管理人は交代要員含めて数人、掃除のおばちゃんも10人以上の大所帯であり、それぞれが官邸・公邸を担当し、隅々まで熟知している。
お互い自然と軽い日常会話を交わす間柄になるのは当然であった。
そして頻繁に顔を出すカエデや平助の第三秘書エリカも、彼ら・彼女らの友達(?)のような気軽な関係のよう。
その和やかな雰囲気は、当初から板倉たちネット政府の世話係の狙い通りである。
どういう事か?
以前の官邸・公邸は物々しく、お高く留まった西洋のお城のようだったが、警備体制を維持しながら人のぬくもりを感じる暖かい集いの場を体現させたかったから。
官邸・公邸が権威の象徴であってはいけない。
だから前述の通り小規模ながら要予約ではあるが、少人数見学も日常的に実施している。
開かれた国の中枢を演出しているのだ。
そういう事情もあり、温和で笑顔の絶えない管理人新井三郎の存在が光ってくる。
だから決して無駄な存在なのではない。
来訪する一般人にとって、彼らは開かれた新たな官邸・公邸の象徴とさえ印象づけられているから。

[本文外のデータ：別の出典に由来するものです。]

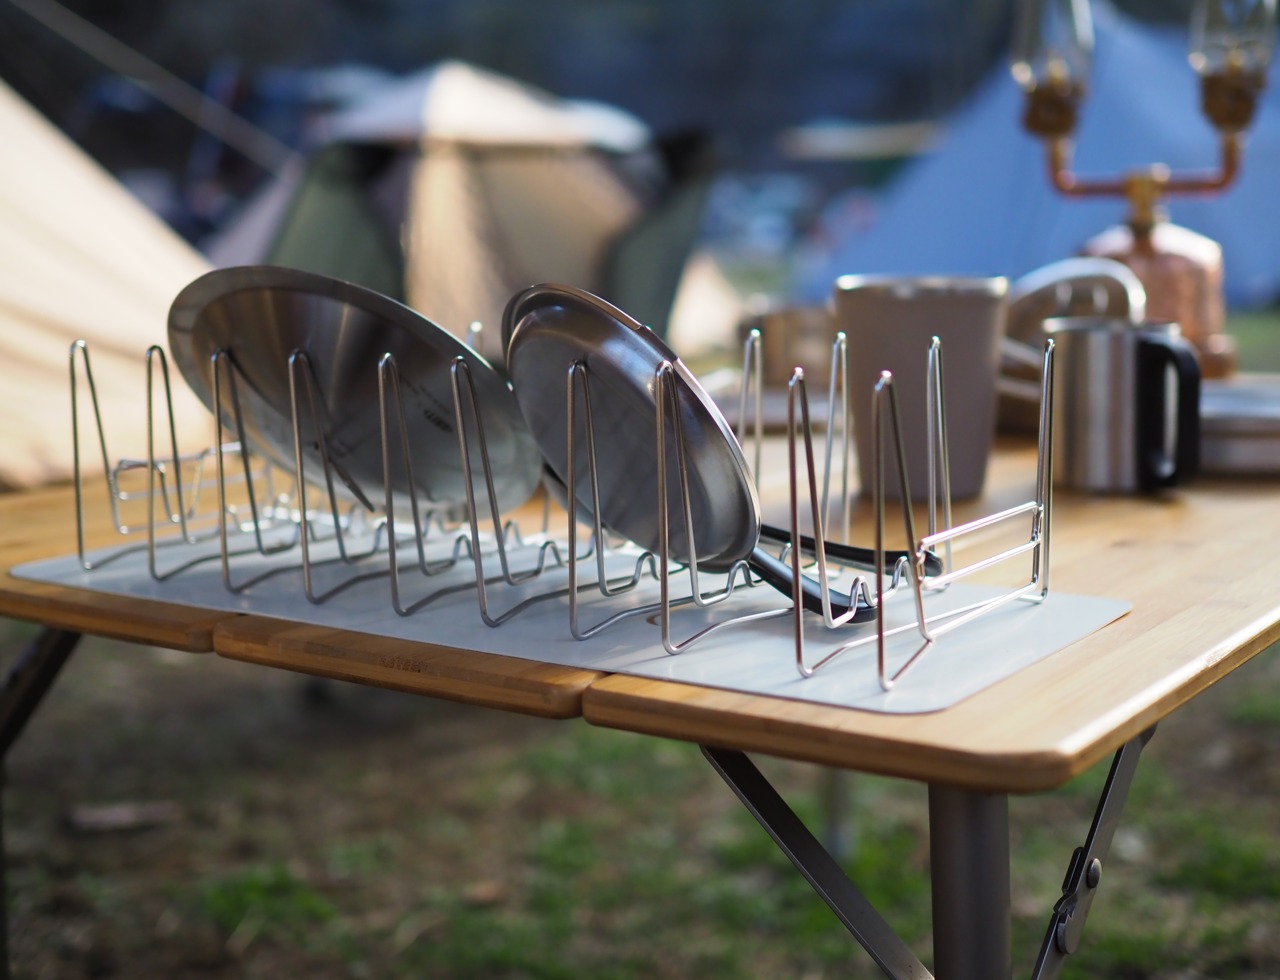 This portable dish rack can collapse down to 1.2 inches in just a second

そんな新井三郎であるが、彼は数年前、瀕死の状態になるまで追い詰められていたという生い立ちがある。
彼は家庭の事情で高校中退後、四十数年働いていた会社が突然倒産し、ようやく築いたささやかな家族との生活に危機が訪れる。
必死で再雇用先探しに奔走するが、高校中退、初老の彼を雇用してくれる所などいくら探しても見つからない。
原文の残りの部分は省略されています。